农民工工资被大规模拖欠及由此引发的种种问题,一向是公众关注的焦点。每到春节就要成为媒体重点报道的现象,也照例会成为“两会”代表、委员热议的话题之一。笔者春节前曾提出“工资欠款转为政府债权”的建议 (以下简称《建议》),引起了一些部门和读者的关注。多数赞成,也有一些同志提出质疑,还有个别人无端攻击。趁今年“两会”召开之机,再作一些补充阐述,希望“两会”代表、委员更加重视农民工工资拖欠问题,同时再次呼吁政府有关部门认真研究笔者建议。

一、拖欠农民工工资问题远未解决

农民工工资被拖欠早已不是新闻。前几年总理亲自出面为农民工讨工资被传为佳话。2004年,全国累计拖欠工程款3660亿元,其中约三分之一为农民工工资。国务院下发通知,限期清理拖欠工程款和工资,并将推出九部法律法规保障农民工工资。(参见附录1)。2006年底是国务院确定的3年清理建筑领域拖欠农民工工资目标完成的最后时限,但国家统计局当年调查,仍有两成农民工工资被克扣报酬和拖欠工资。(参见附录2)。媒体上有关农民工讨薪事件的报道依旧层出不穷,有的地方甚至发生以命相争的事件。2006年11月10日《三秦都市报》报道“陕西省将从根本上杜绝拖欠农民工工资”,没过多久,12月20日宝鸡就发生了农民工因讨薪被打死打伤的事件。《新华每日电讯》2006年12月30日发表的“新华时评”称“宝鸡有‘配套措施’近10种,农民工仍要为讨薪流血”,而且这并非孤立事件。该文同时指出“这是今年以来安徽、山东、山西、天津等地相继发生农民工因讨薪被包工头打死、打伤后的最新一起恶性事件。”(参见附录3)。

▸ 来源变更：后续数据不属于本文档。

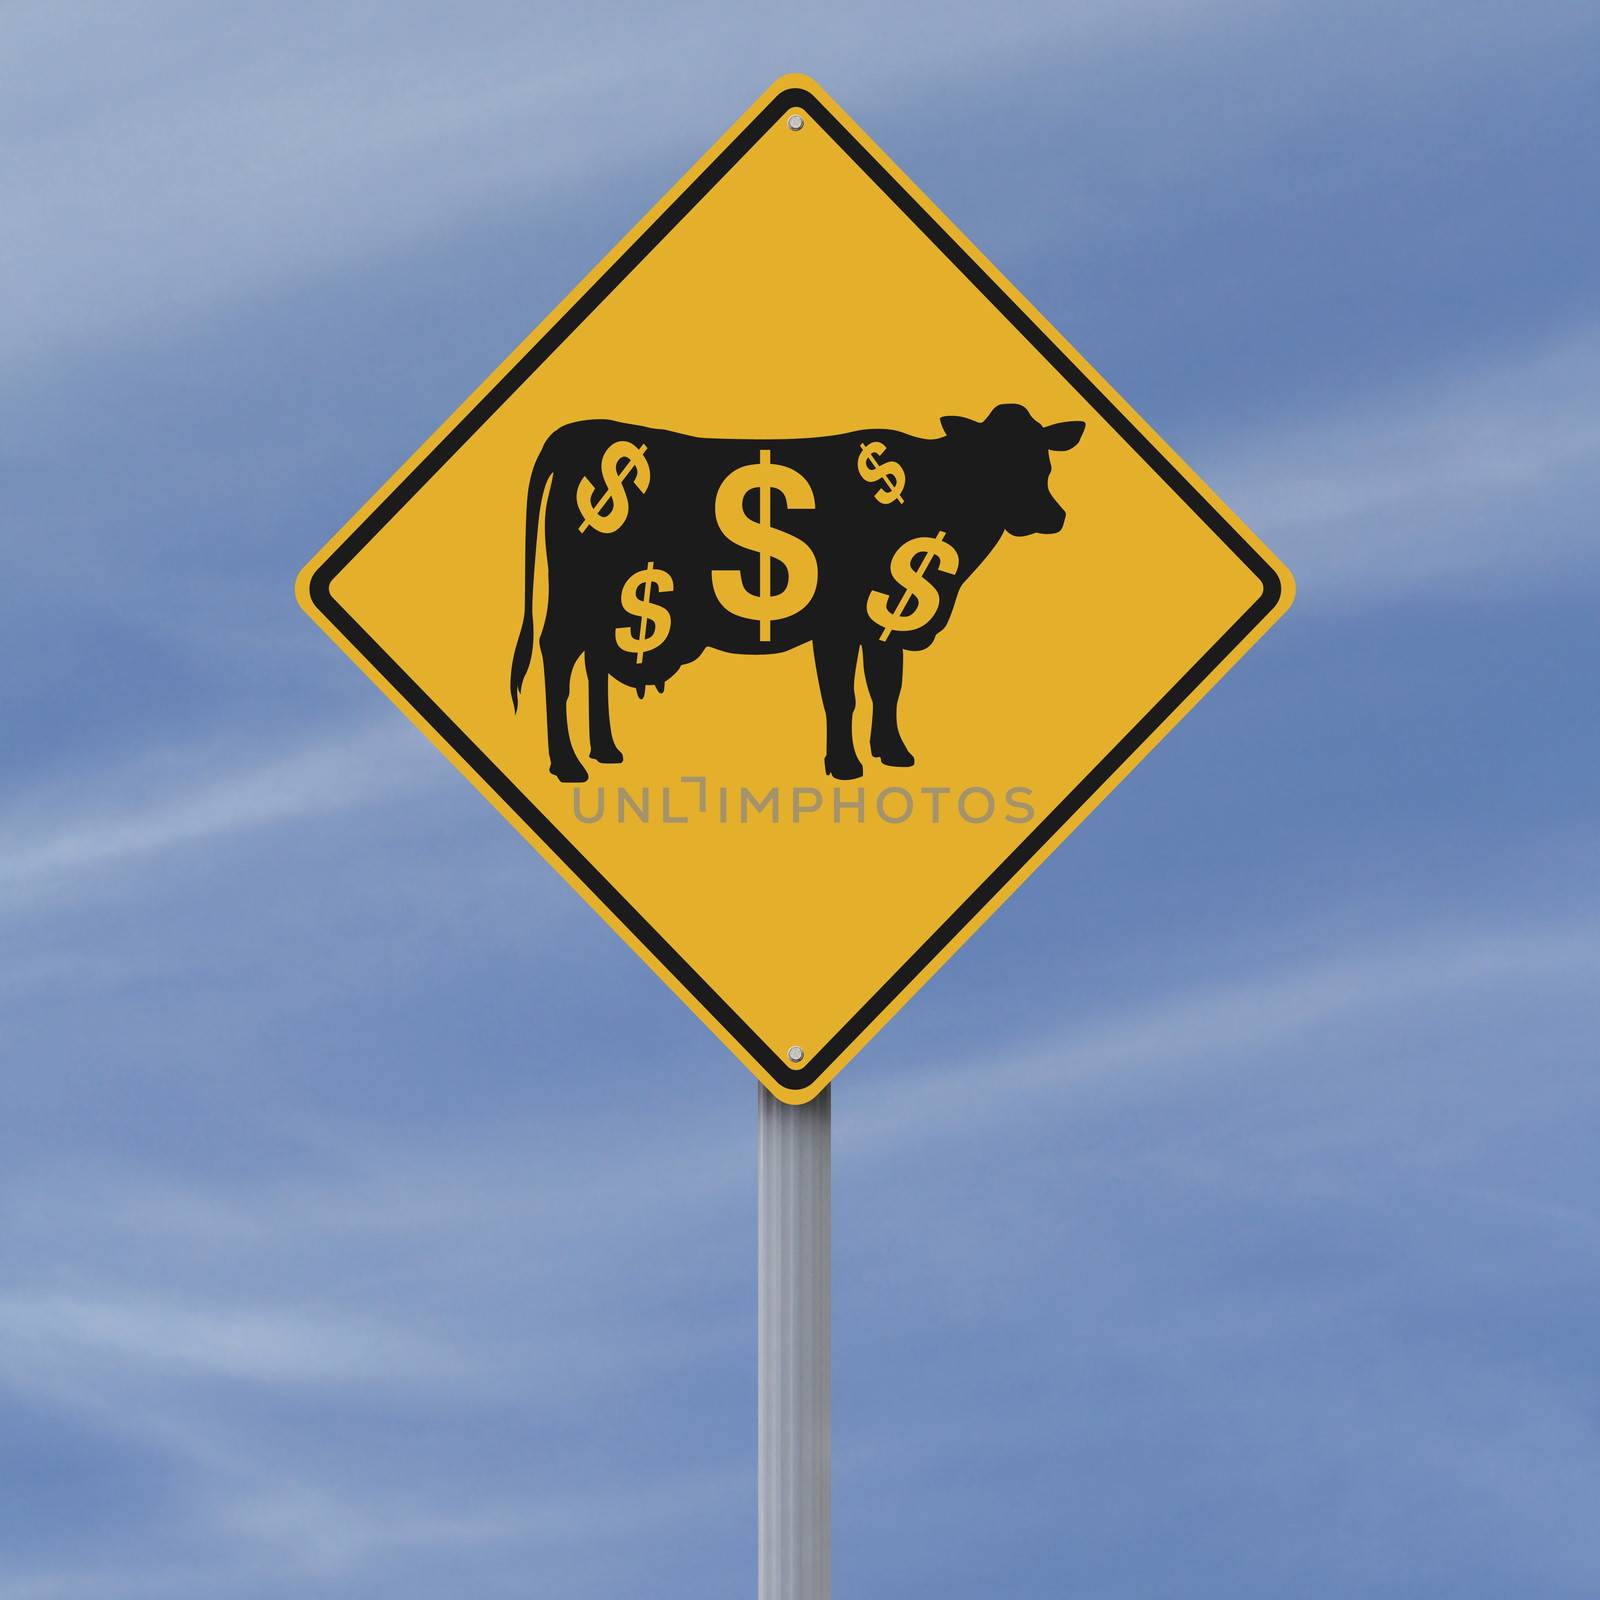 A conceptual road sign indicating a cash cow ahead

几年来,从中央到地方,下发了许多文件,开了无数会议,采取了种种措施(参见附录4),也不能说没有效果,但未能从根本上解决问题。“边清边欠”仍是客观现实。《新华每日电讯》2007年1月30日刊登的“新华时评”——谨防“清欠”沦为“指标游戏”——耐人寻味。这里不妨摘引几段:

“围绕‘三年清欠’的目标,各地都做了大量工作,成果有目共睹。但是,‘边清边欠’的情况却又普遍存在,拖欠农民工工资问题并未得到根本解决。合肥市到去年底共‘清欠’4.1亿元。但去年一年里,合肥市‘清欠办’共受理农民工对欠薪的投诉案件226起,涉及4600余人,安徽全省这一数字更大。

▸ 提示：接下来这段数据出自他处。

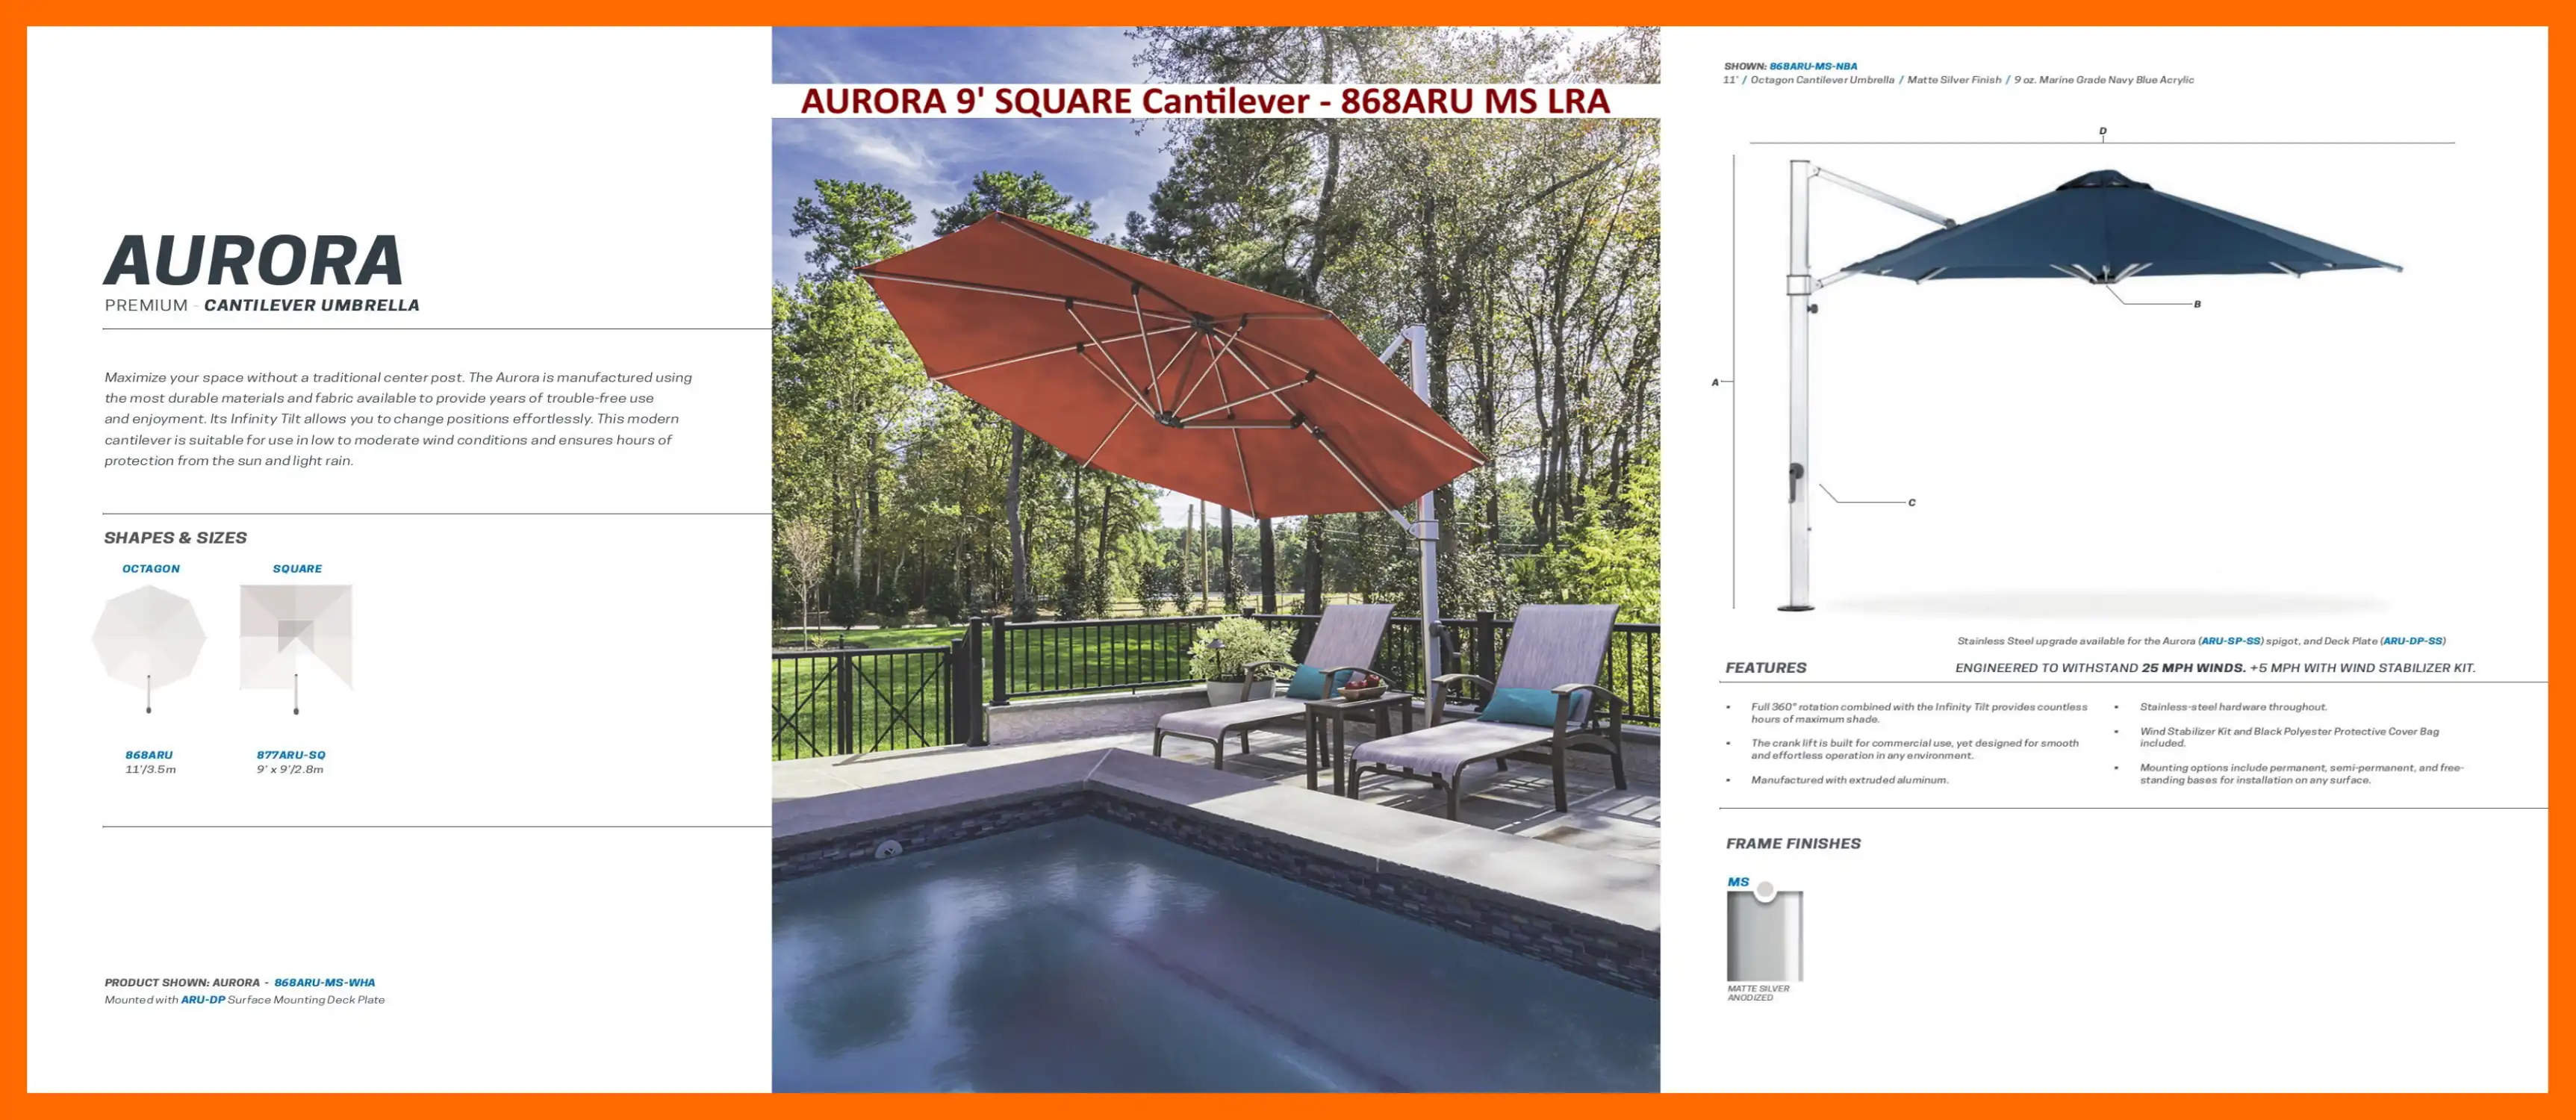 AURORA Premium Cantilever Umbrella

“就在各地纷纷公布“清欠”成果之时,拖欠农民工工资又出现了新动向。与过去欠薪90%集中在建筑施工领域不同,铁路、高速公路建设正在成为欠薪的新重点。安徽省劳动保障部门最近接到农民工对欠薪的投诉中,涉及道路建设的占80%以上。

“这些情况表明,要解决欠薪问题,政府不能只盯住已经发生的欠薪事件,而是要把治标与治本结合起来,不仅要算“老账”,还得时时翻‘新帐’,更要抓紧制度建设,从根本上保障农民按时、足额拿到劳动报酬,防止‘边清边欠’。”(参见附录5)

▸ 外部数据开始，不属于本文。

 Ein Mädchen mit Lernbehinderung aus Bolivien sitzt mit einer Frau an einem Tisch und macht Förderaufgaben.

由此可见,我国迄今为止的“清欠”行动,仍属“治标”,并没有“治本”。要真正解决“欠薪”问题,防止“边清边欠”,必须弄清欠薪的发生机理,在制度安排、机制设计上找到出路。

二、“欠薪”问题的症结

中国经济持续20多年以9%的高速度增长,我们亲眼目睹企业财富、社会财富迅速地增加,为什么会产生如此严重的拖欠工资问题,而且还无法解决呢?真的是企业没钱吗?显然不是。欠薪90%发生在建筑行业。建筑业从事的无非是房地产、公共设施工程项目,这恰恰是最有钱的部门。房地产业长期暴利自不必说,公共设施建设多数来自政府财政,而近十年来财政增长速度远远超过GDP增长,政府还有大量预算外收入。君不见,各级政府的大楼一个比一个造得气派!农民工的工资在他们建造的这些建筑物的市场价值中,所占比例极小,充其量不到5%,怎么就会付不起呢?

实际上,不是有没有钱、能不能付的问题,而是想不想付的问题。想不想付,也不是个道德问题,而是一个制度问题。经常有人骂“黑心老板”,难道西方发达国家的老板都有良心、有爱心吗?我国香港地区的老板大多是中国人,难道个个都道德高尚吗?为什么在这些国家和地区没有这么多“欠薪”问题?

“欠薪如果要‘定罪’,清欠就不会成新闻”一文对此作了很好的回答。(新华每日电讯2007年2月14日,参见附录6)。文中说,“1月13日,新华社发自香港的报道说,在中国的这个特别行政区,去年有两名公司董事及1名雇主因违例欠薪被判监禁。可见,即便在香港,也有不良雇主,也有欠薪现象。然而,同样是在香港,‘讨薪’与‘清欠’并未成为幽灵般游荡的‘新闻’,是否与‘欠薪定罪’的法治环境有关?如果欠薪有可能被裁决为犯罪,如果欠薪有可能蹲进大狱,任何一个理性的雇主,恐怕不敢公然藐视法律。这也许是香港去年只有“两名公司董事及1名雇主因违例欠薪被判监禁”的重要原因。”“《香港雇佣条例》明确规定,从2006年3月30日起,香港企业雇主如不按时履行支付工资及雇佣合同责任,完成年终到期需要支付的款项,最高罚则已提高至罚款35万港元及监禁三年的刑罚。(黑体为作者所加)。这比内地要严厉得多。”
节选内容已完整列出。